Other financial statement schedules have been omitted because
they are inapplicable or the information required therein is
included elsewhere in the consolidated financial statements or
notes thereto.
REPORTS OF INDEPENDENT PUBLIC ACCOUNTANTS
To the Board of Directors and Stockholders of
EOG Resources, Inc.
Houston, Texas
We have audited the consolidated financial statements of EOG
Resources, Inc. as of December 31, 2003 and 2002, and for the two
years in the period ended December 31, 2003, and have issued our
report thereon dated February 23, 2004; such consolidated
financial statements and report are included in your Current
Report on Form 8-K dated February 24, 2004, and are incorporated
herein by reference. Our audits also included the financial
statement schedule of EOG Resources, Inc., listed in Item 15.

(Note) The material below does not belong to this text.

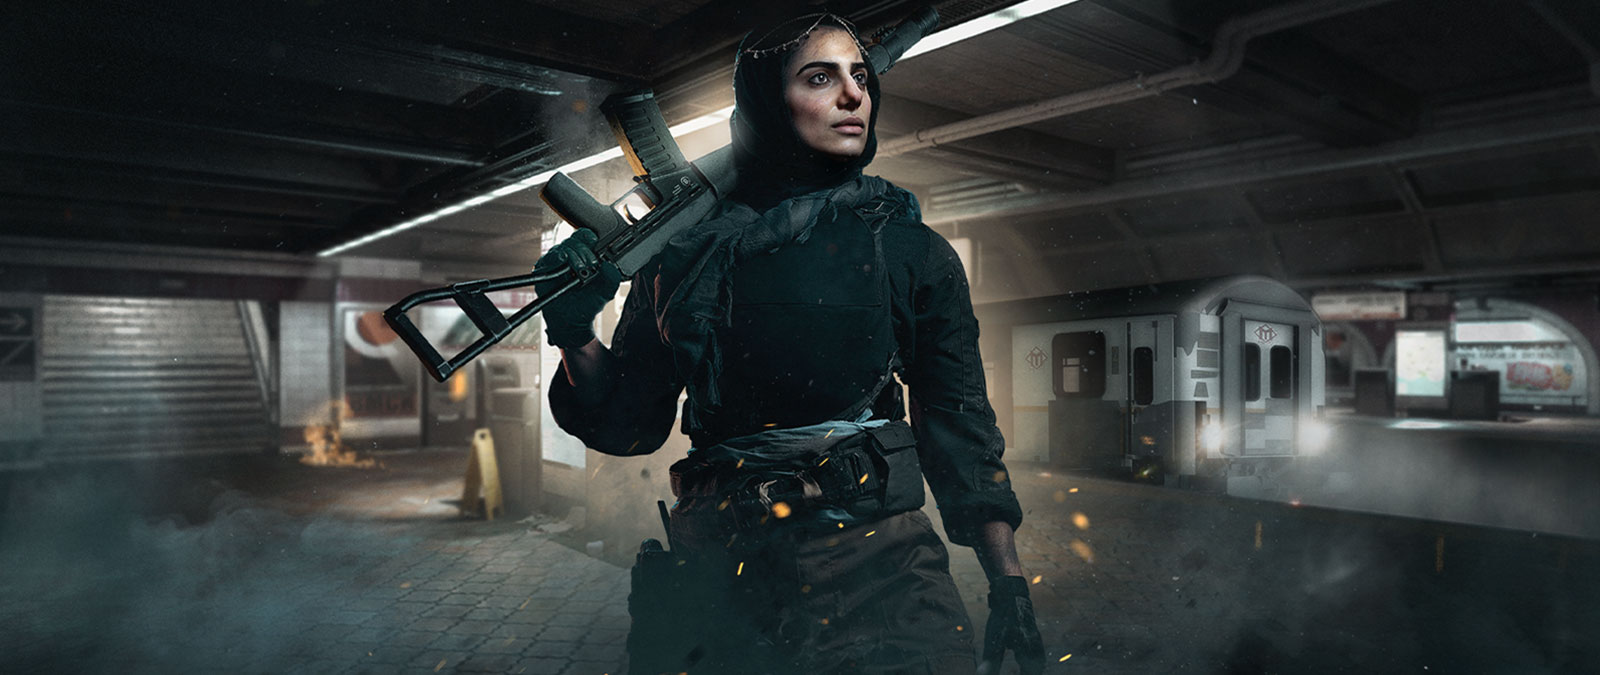 Χαρακτήρας του Call of Duty: Modern Warfare που κρατάει ένα όπλο σε σταθμό του μετρό
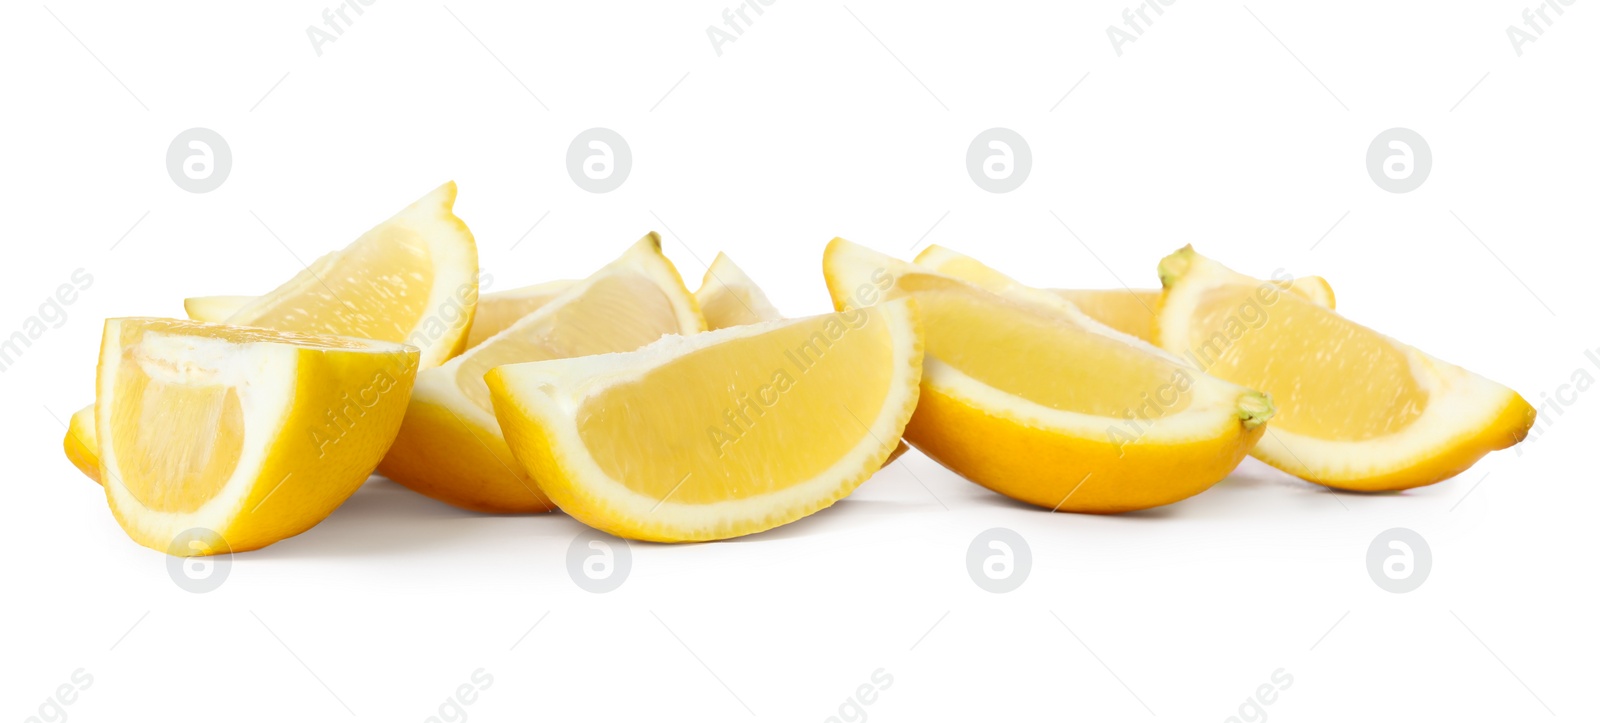 Photo of Fresh ripe lemon slices on white background

This financial statement schedule is the responsibility of the
Corporation's management. Our responsibility is to express an
opinion based on our audits. In our opinion, such financial
statement schedule, when considered in relation to the basic
financial statements taken as a whole, presents fairly in all
material respects the information set forth therein.
DELOITTE & TOUCHE LLP
Houston, Texas
February 23, 2004
REPORTS OF INDEPENDENT PUBLIC ACCOUNTANTS (Continued)
EOG dismissed Arthur Andersen LLP on February 27, 2002 and
subsequently engaged Deloitte & Touche LLP as its independent
auditors. The predecessor auditor's report appearing below is a
copy of Arthur Andersen's previously issued report dated February
21, 2002. Since EOG is unable to obtain a current manually
signed audit report, a copy of Arthur Andersen's most recent
signed and dated report has been included to satisfy filing
requirements, as permitted under Rule 2-02(e) of Regulation S-X.
The only information in the financial statements and the related
footnotes included in EOG's Current Report on Form 8-K dated
February 24, 2004, incorporated by reference in this Annual
Report on Form 10-K that is referred to in the report of Arthur
Andersen LLP is the information included in the Consolidated
Statements of Income and Comprehensive Income, Consolidated
Statements of Shareholders' Equity, Consolidated Statements
of Cash Flows and the related footnotes for the year ended
December 31, 2001.
To EOG Resources, Inc.:
We have audited in accordance with auditing standards
generally accepted in the United States the financial statements
included in EOG Resources, Inc.'s Current Report on Form 8-K
dated February 27, 2002, incorporated by reference in this Form
10-K, and have issued our report thereon dated February 21, 2002.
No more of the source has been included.